> **Instructions for the task**:
Transcribe the data underneath exactly. No images belong in your version.

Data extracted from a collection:
┄┄┄┄┄┄

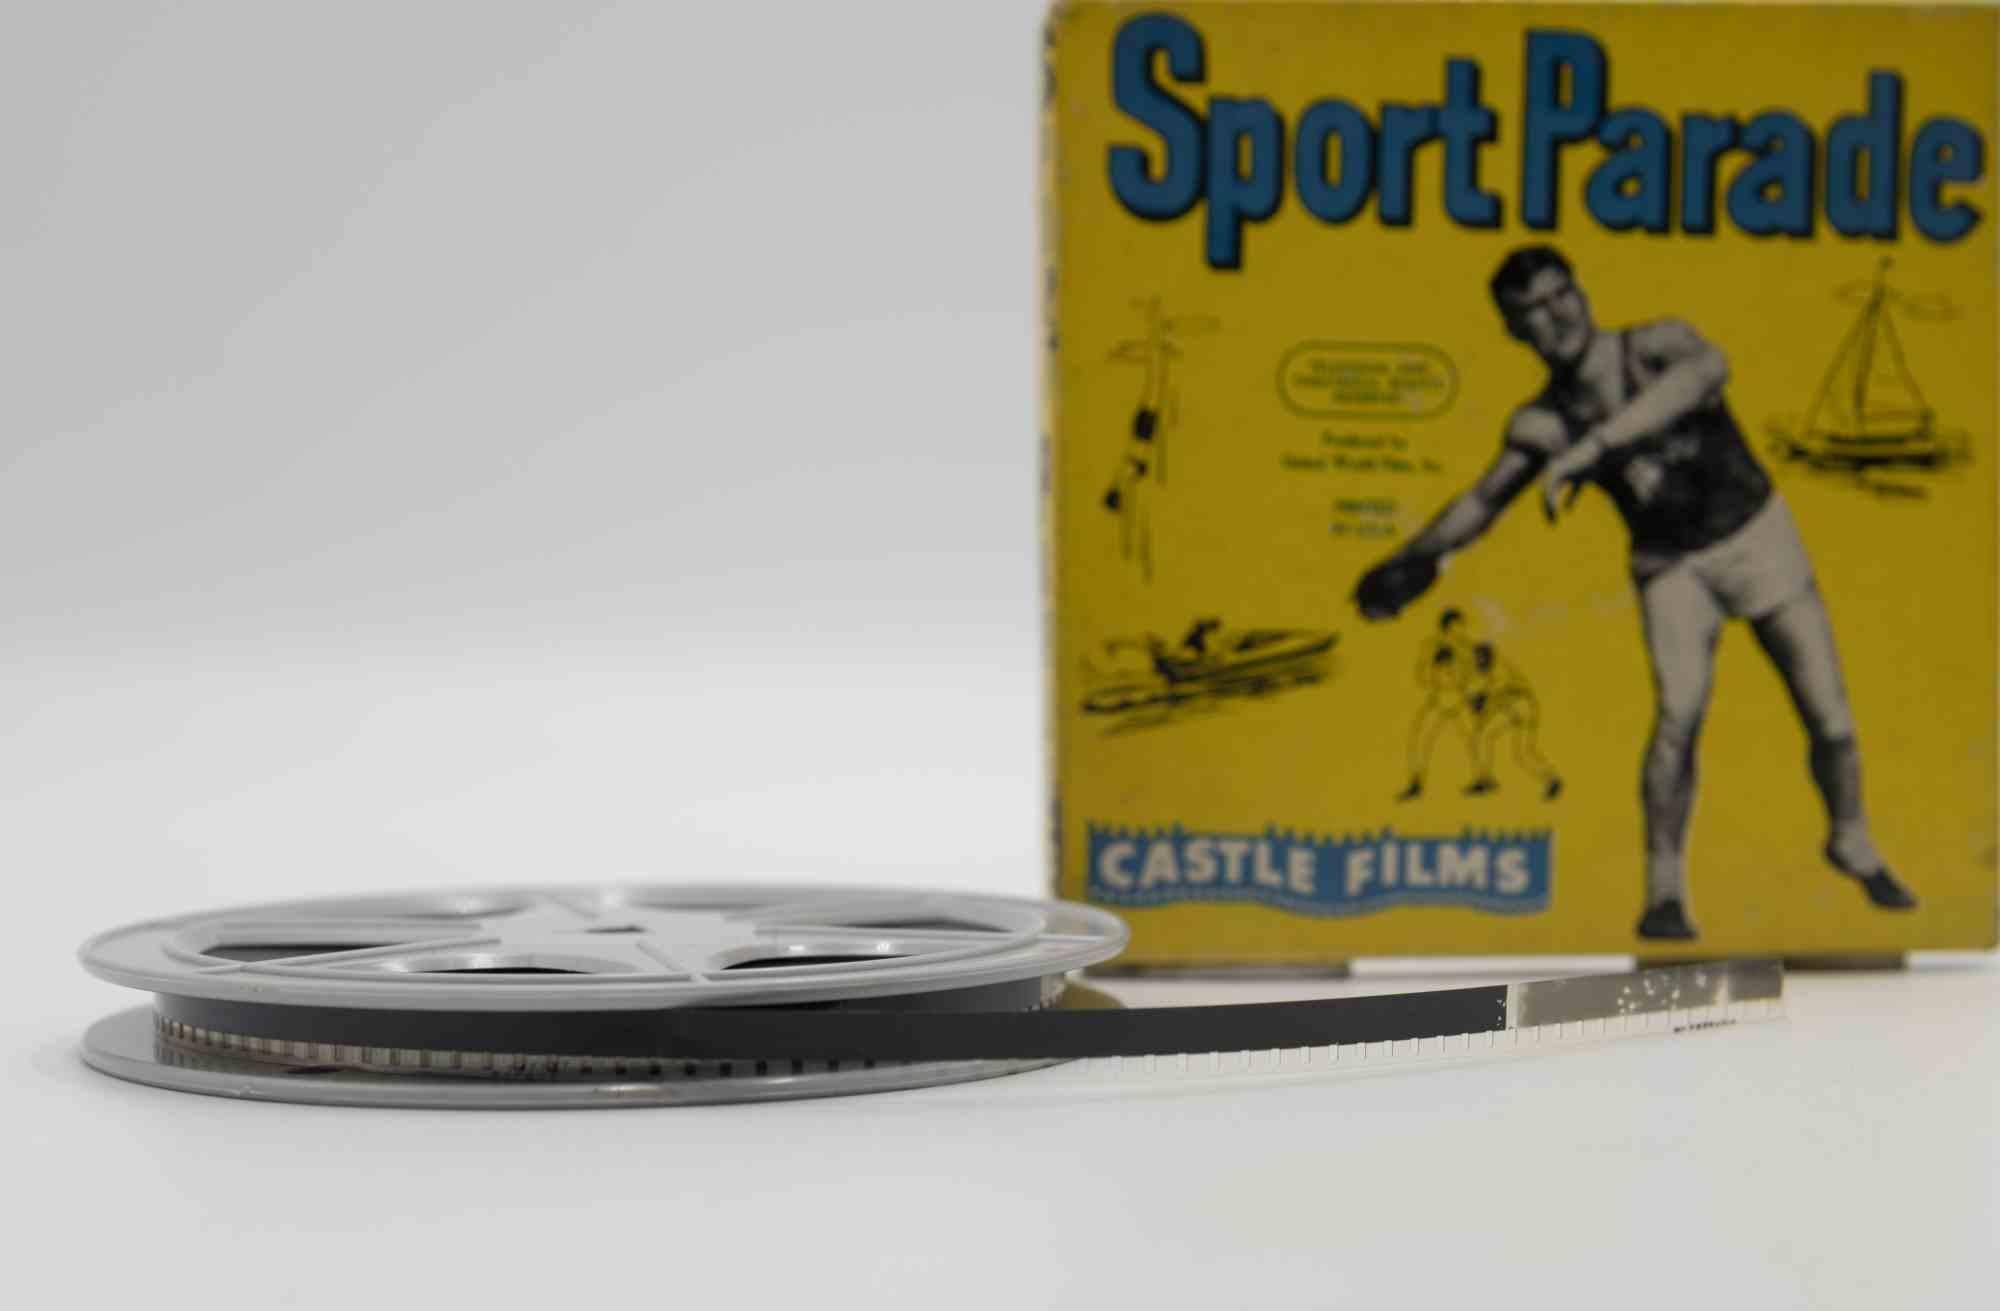 Der Sportparadenfilm ist ein Originalfilm aus den 1950er Jahren.

Sie enthält die Originalverpackung.

8mm oder 16mm.

Gute Bedingungen
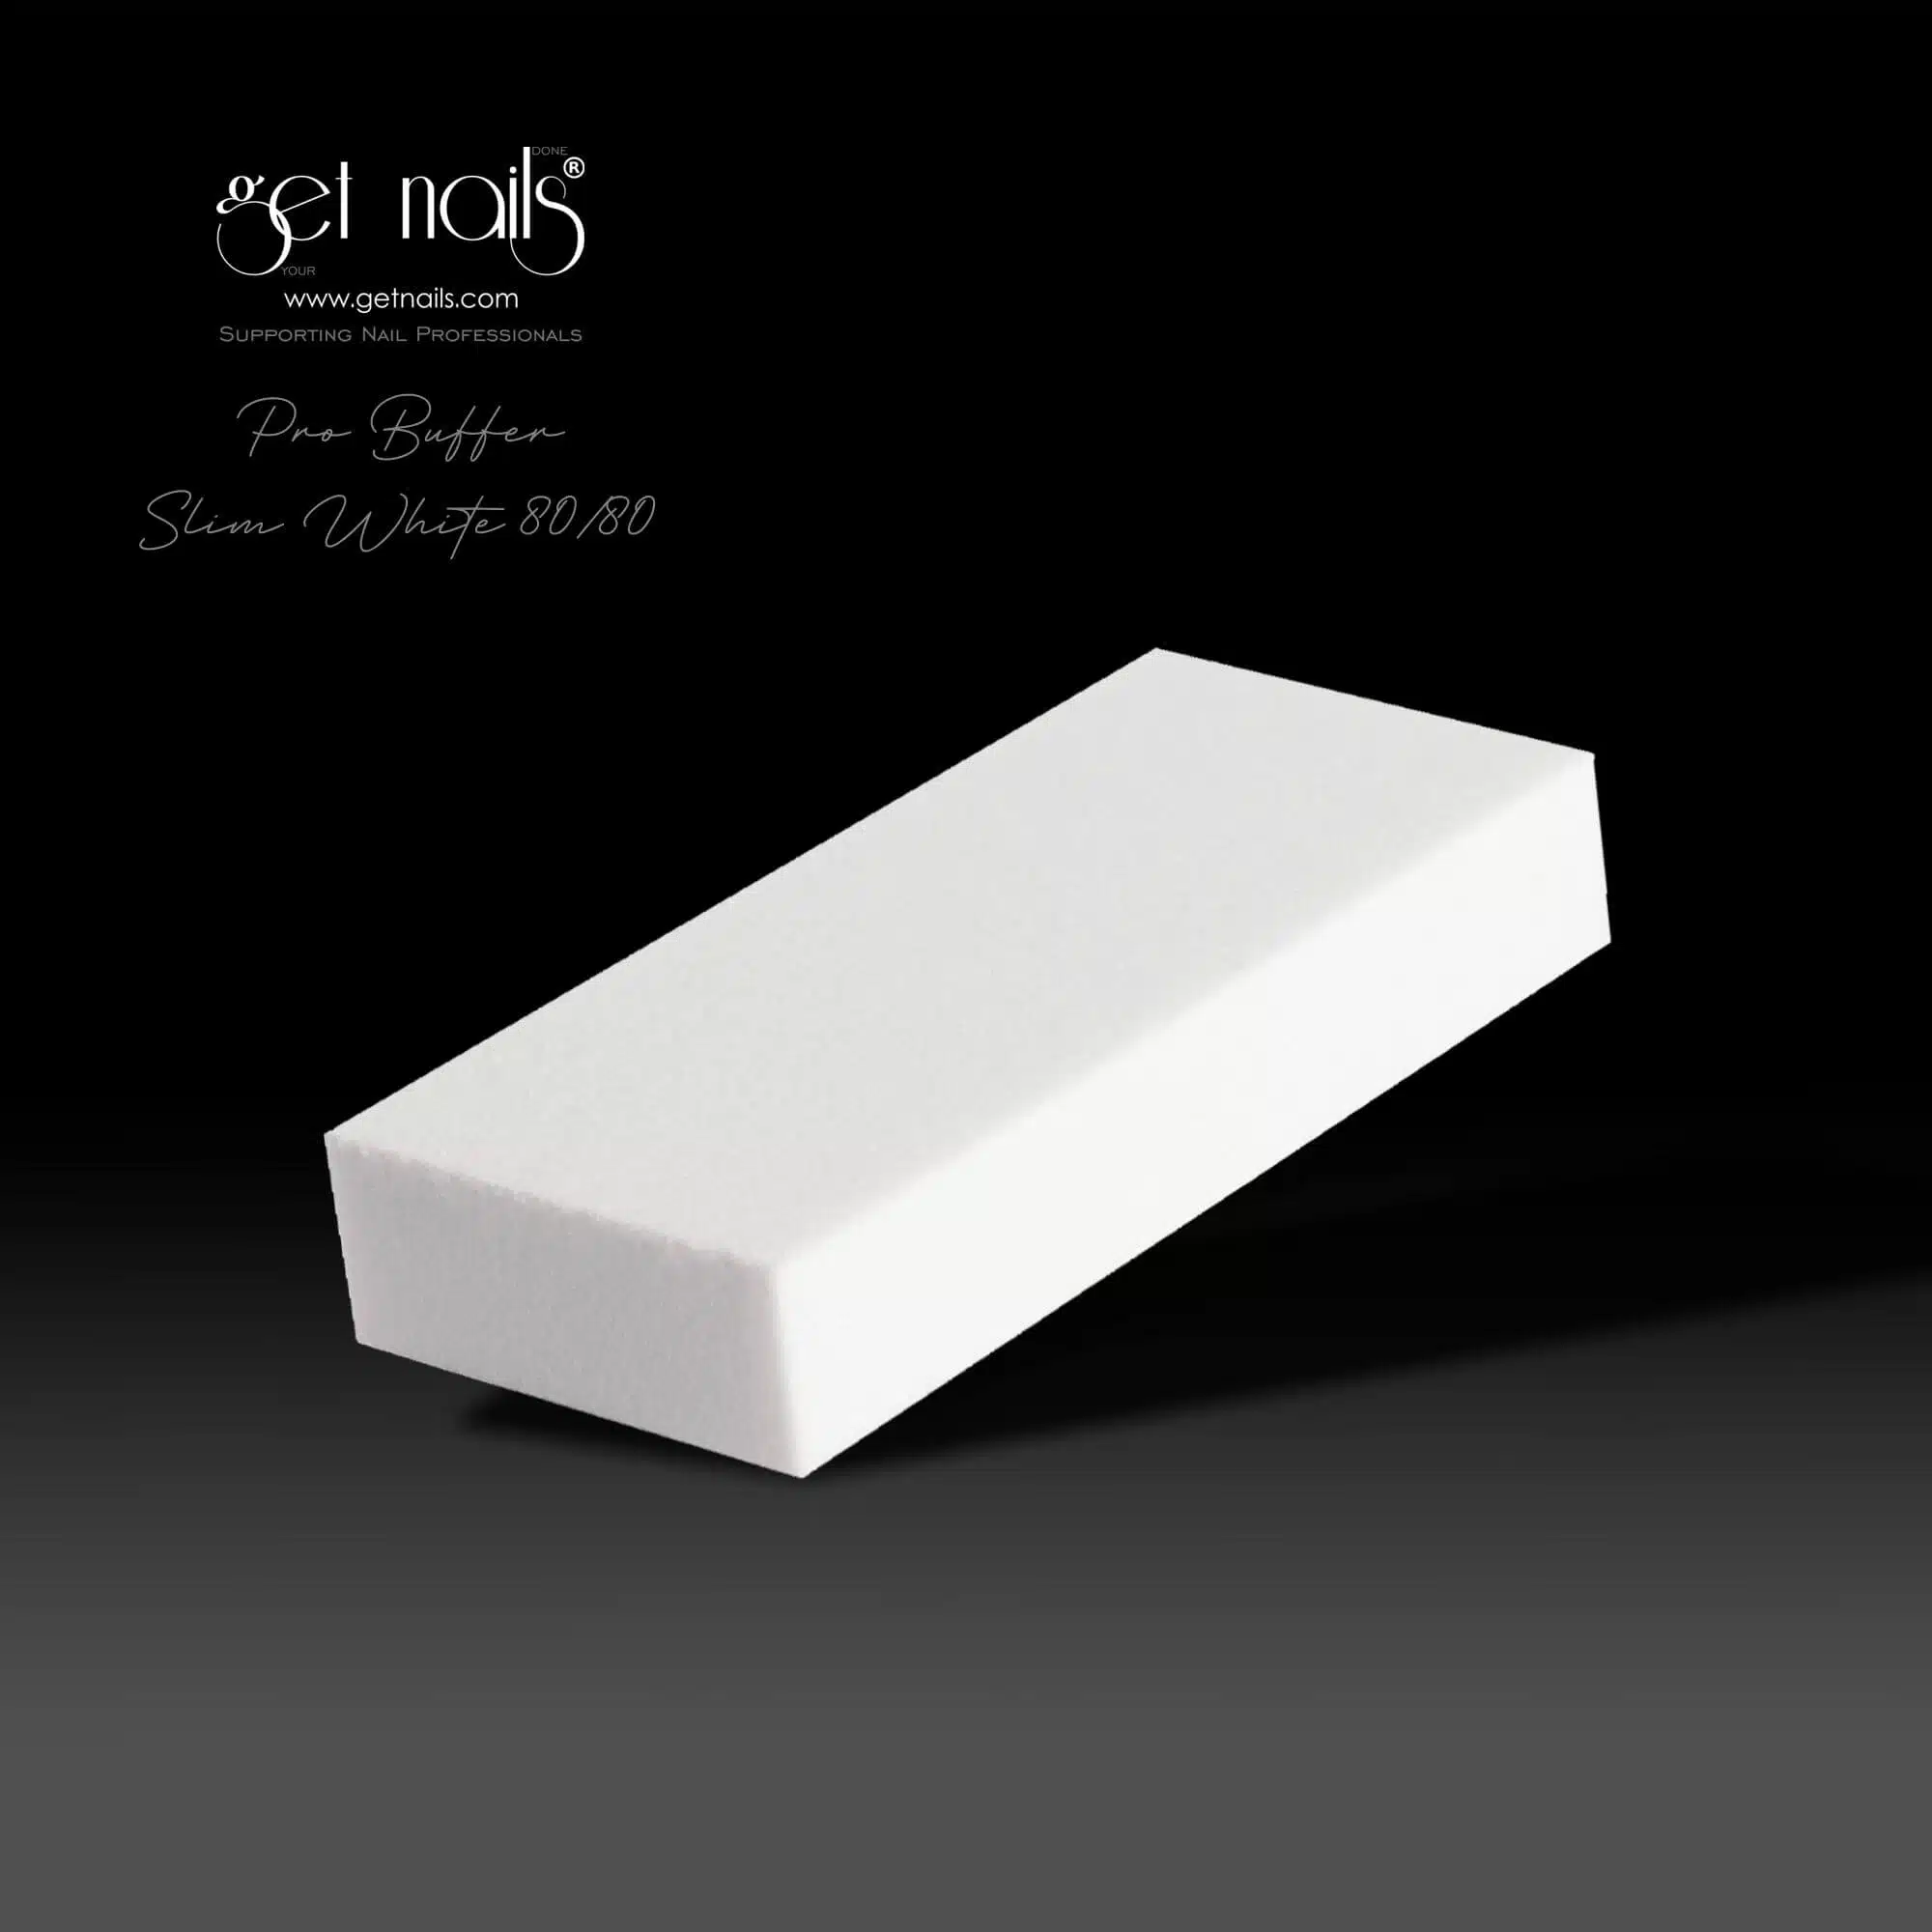 Get Nails Austria - Buffer Thin White 80/80
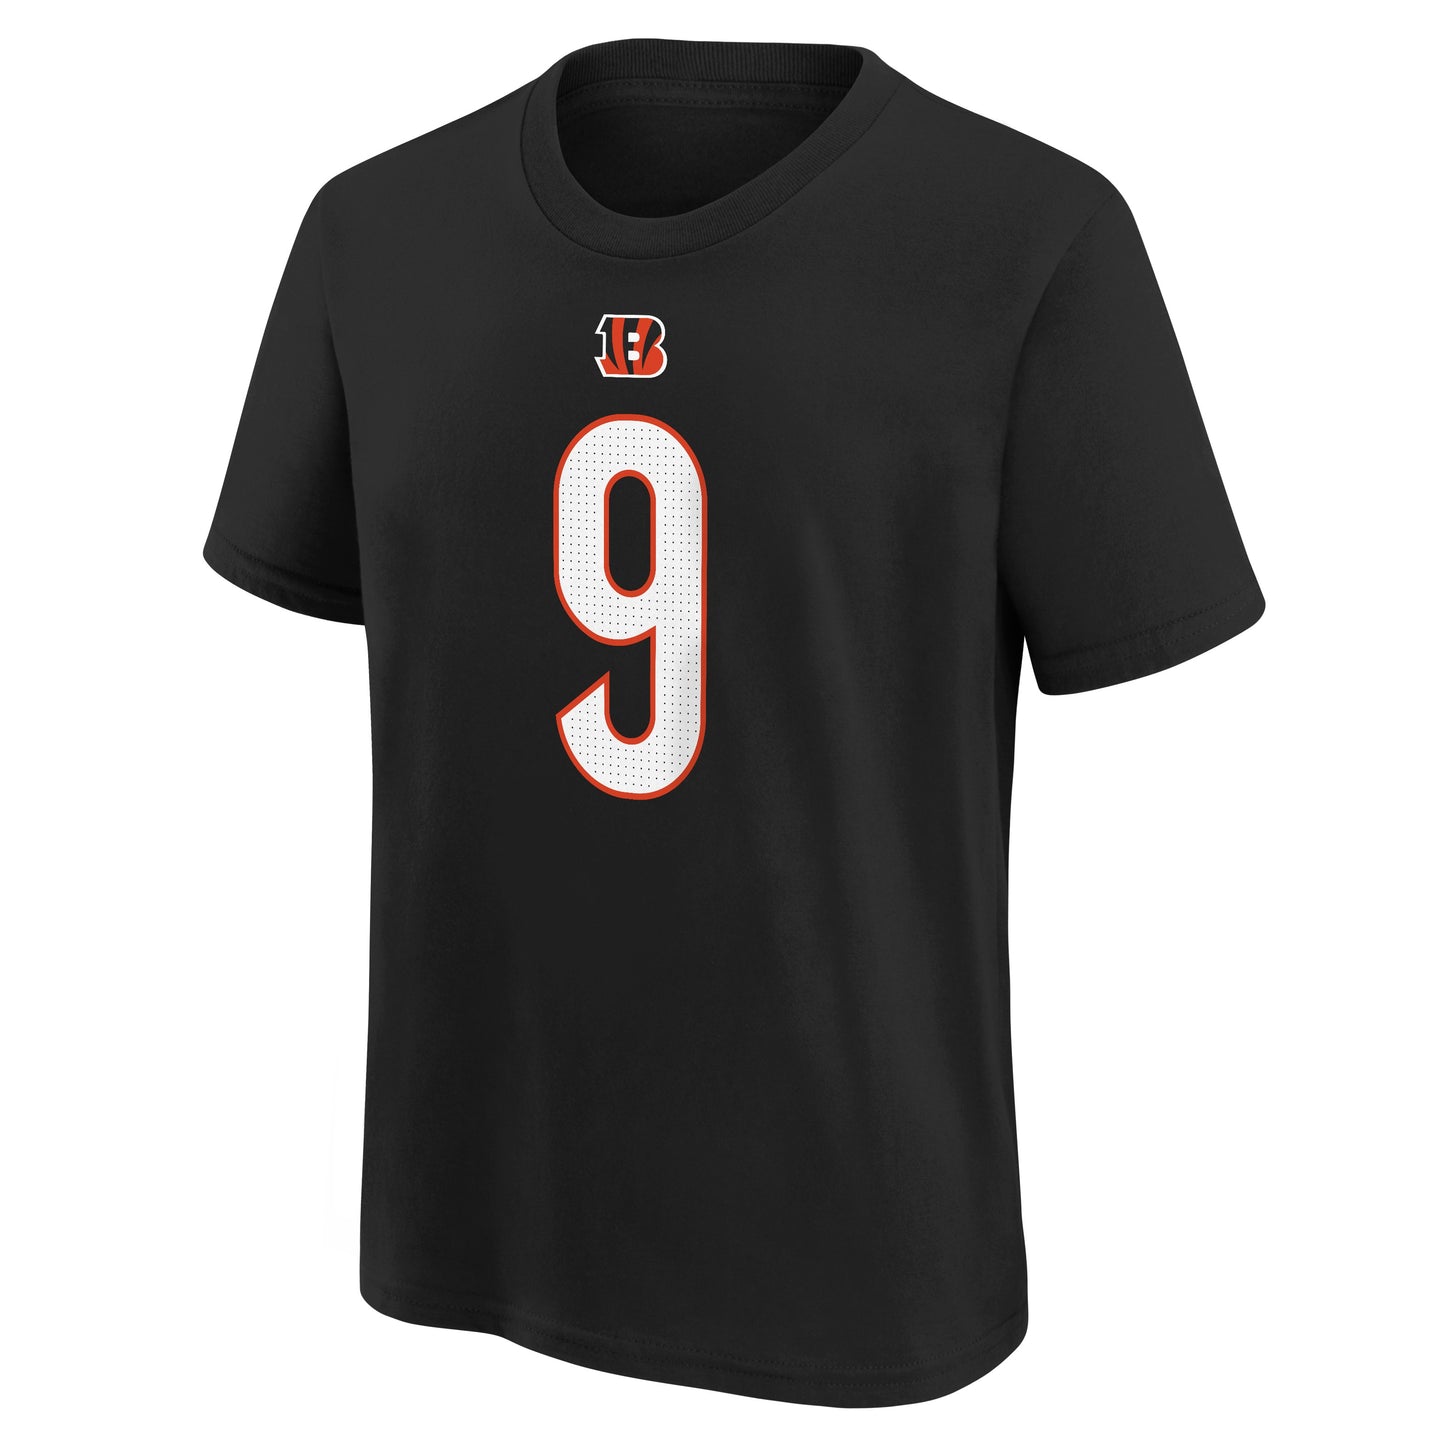 Youth Joe Burrow Cincinnati Bengals Nike Black FUSE Player Pride Name & Number T-Shirt

┄┄┄┄┄┄

> **Expected output**:
 Der Sportparadenfilm ist ein Originalfilm aus den 1950er Jahren.

Sie enthält die Originalverpackung.

8mm oder 16mm.

Gute Bedingungen
 Get Nails Austria - Buffer Thin White 80/80
 Youth Joe Burrow Cincinnati Bengals Nike Black FUSE Player Pride Name & Number T-Shirt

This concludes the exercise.